In tal senso deporrebbe il fatto che il contratto stipulato tra cliente e prostituta andrebbe considerato “nullo” per illiceità della causa, ex artt. 1418 e 1343 c.c., sì da far ritenere impossibile, ad esempio, che un cliente, che abbia versato una somma di denaro ad una prostituta dopo aver pattuito con questa il prezzo senza poi fruire della prestazione, possa rivolgersi ad un giudice, in sede civile, richiedendo l’esecuzione del contratto. L’art. 2035 c.c. dispone del resto che “Chi ha eseguito una prestazione per uno scopo che, anche da parte sua, costituisce offese al buon costume non può ripetere quanto ha pagato”.

La sanzione conseguente a siffatta illiceità è, quindi, riconducibile alla categoria civilistica della nullità contrattuale.

Comunque, sia che i proventi da meretricio siano di natura lecita o sia che siano di natura civilisticamente illecita, non vi è dubbio che essi vadano dichiarati fiscalmente.

CONCLUSIONE

La fattispecie di cui all’art. 14 della Legge 537/93 (tassazione dei proventi illeciti) non rileva infatti solo per i proventi da reato, attenendo anche ai proventi illeciti in generale (compresi dunque anche illeciti amministrativi o civilistici).

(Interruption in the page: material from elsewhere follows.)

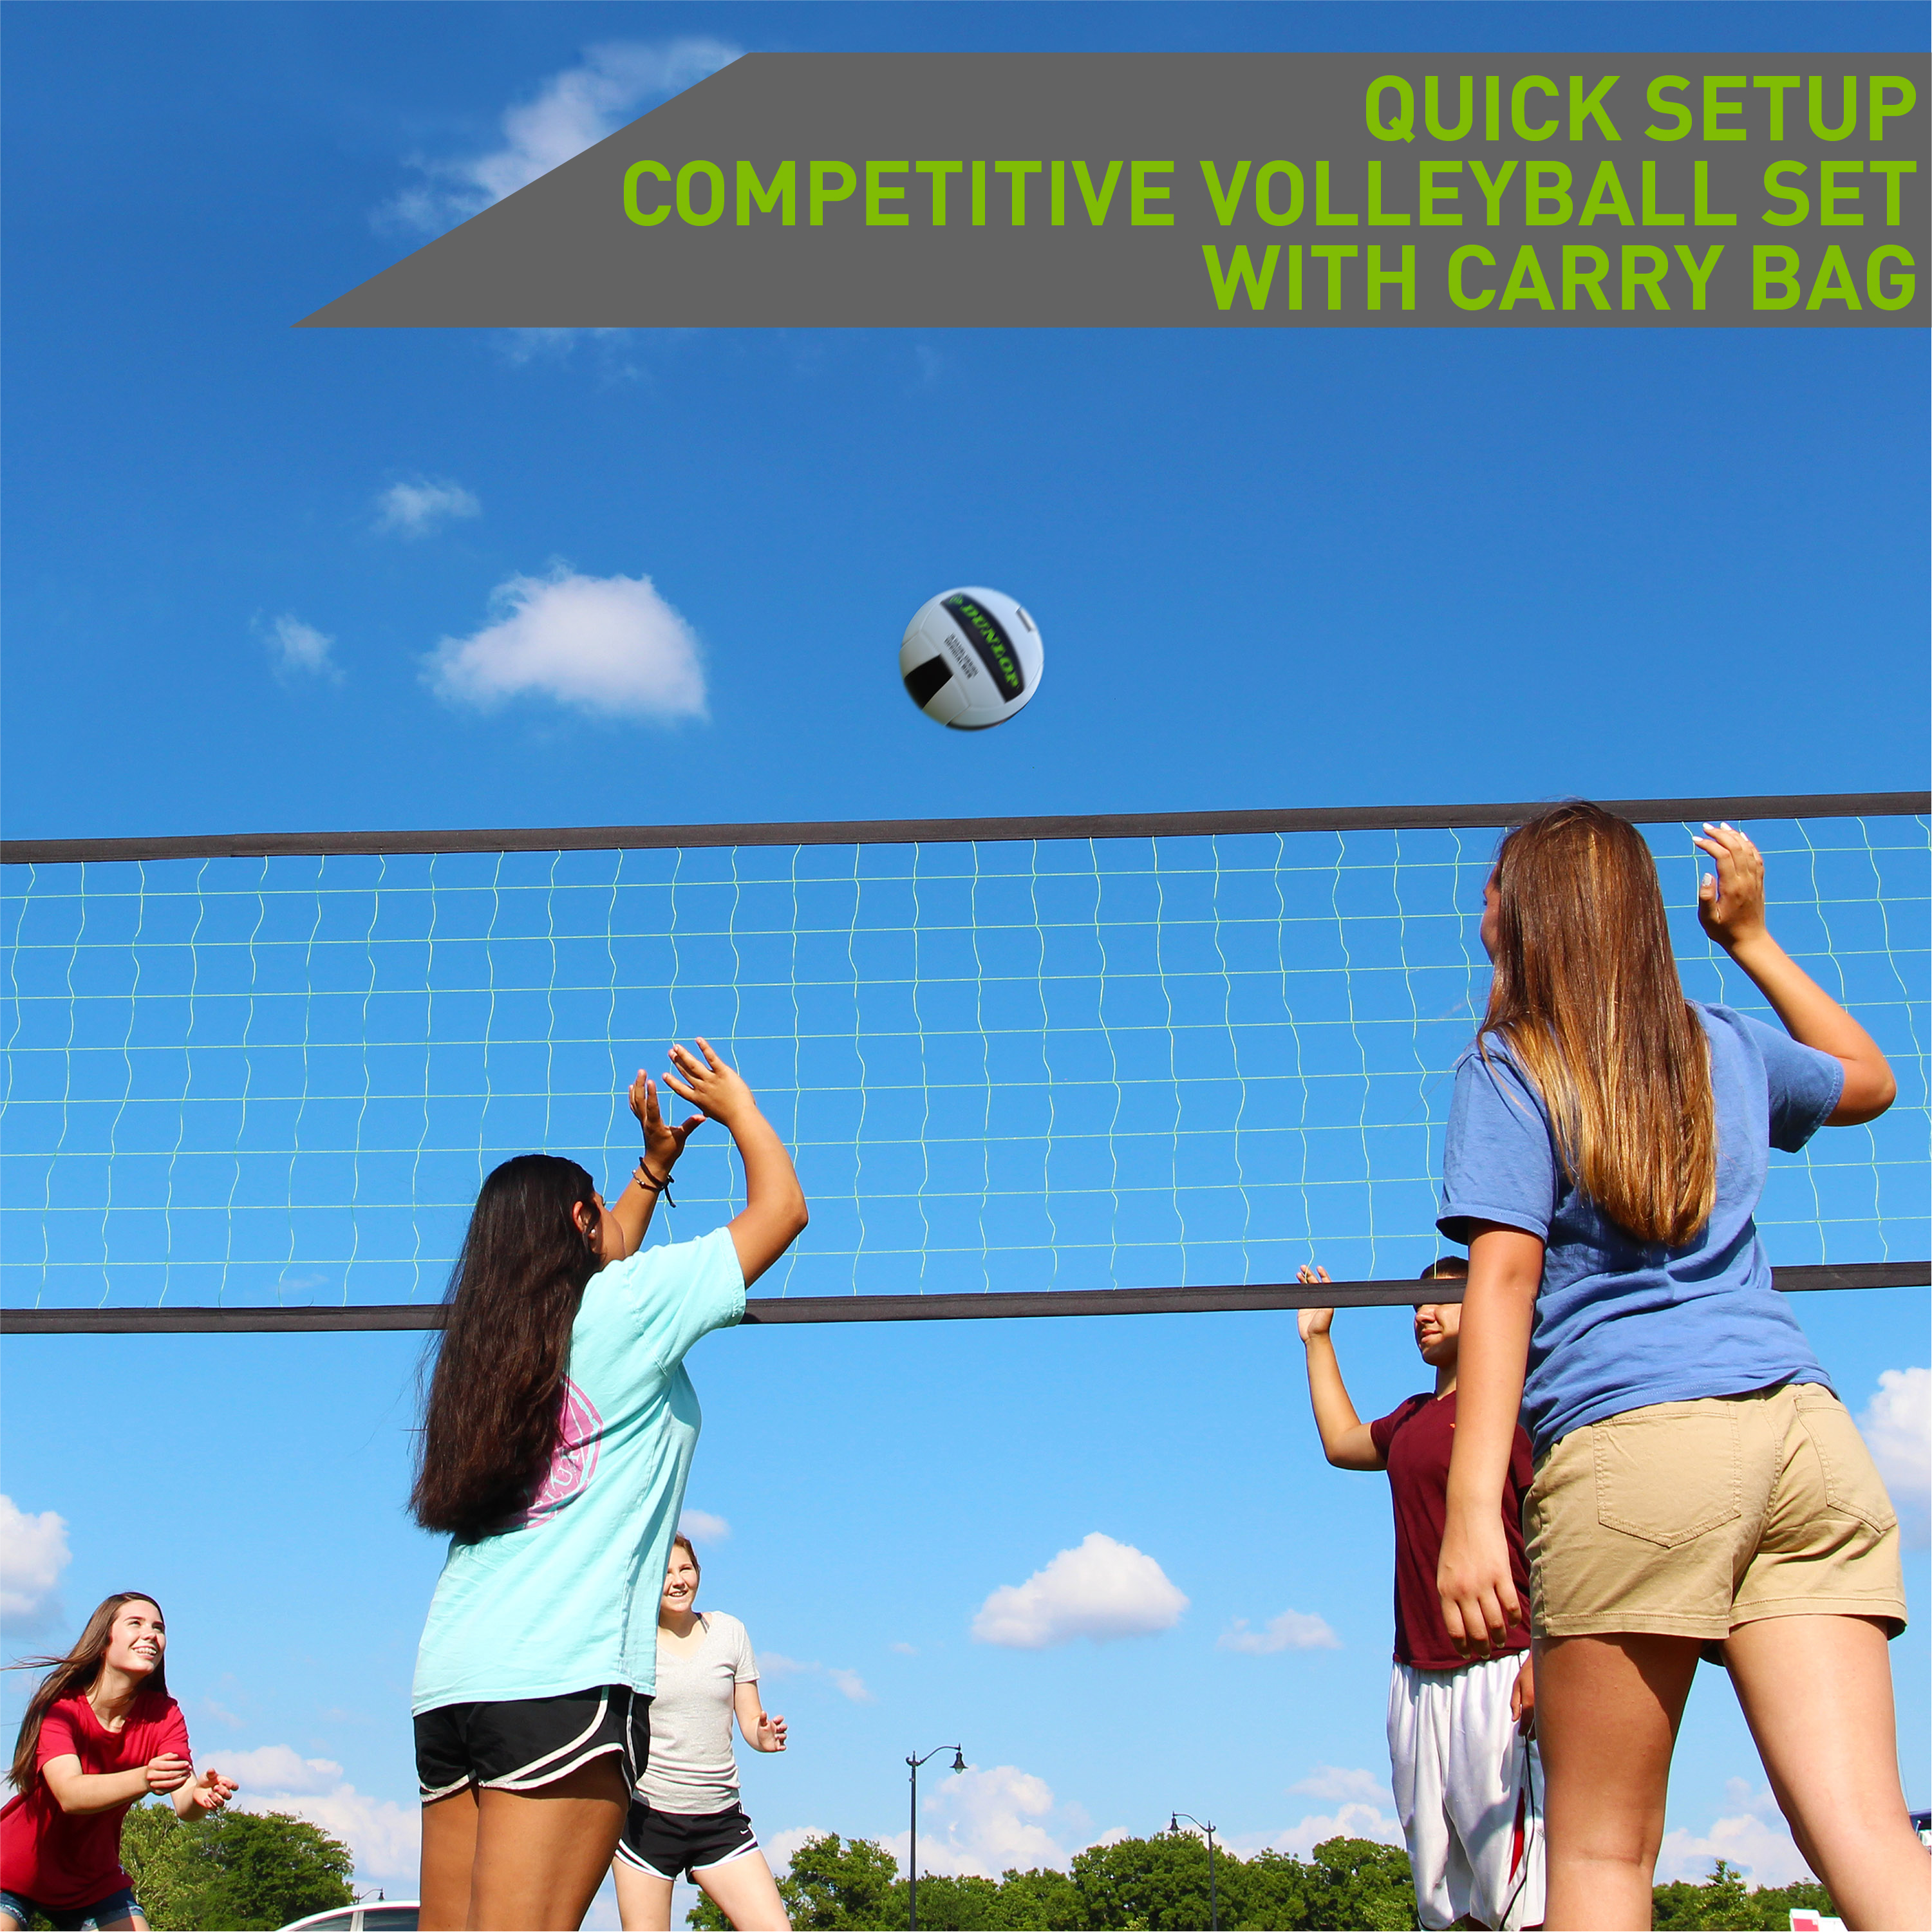 Dunlop Quick Setup Competitive Outdoor Volleyball Set, Green/Black - image 4 of 9

I proventi da meretricio vanno quindi attratti a tassazione e ricondotti alla categoria dei “redditi diversi”.

In conclusione, in via ordinaria e a prescindere dalla sussistenza di specifici reati, l’Amministrazione Finanziaria può sempre accertare e tassare i proventi derivanti da fatti, atti o attività qualificabili come illecito civile, penale o amministrativo, non essendo prevista in tal caso alcuna immunità fiscale.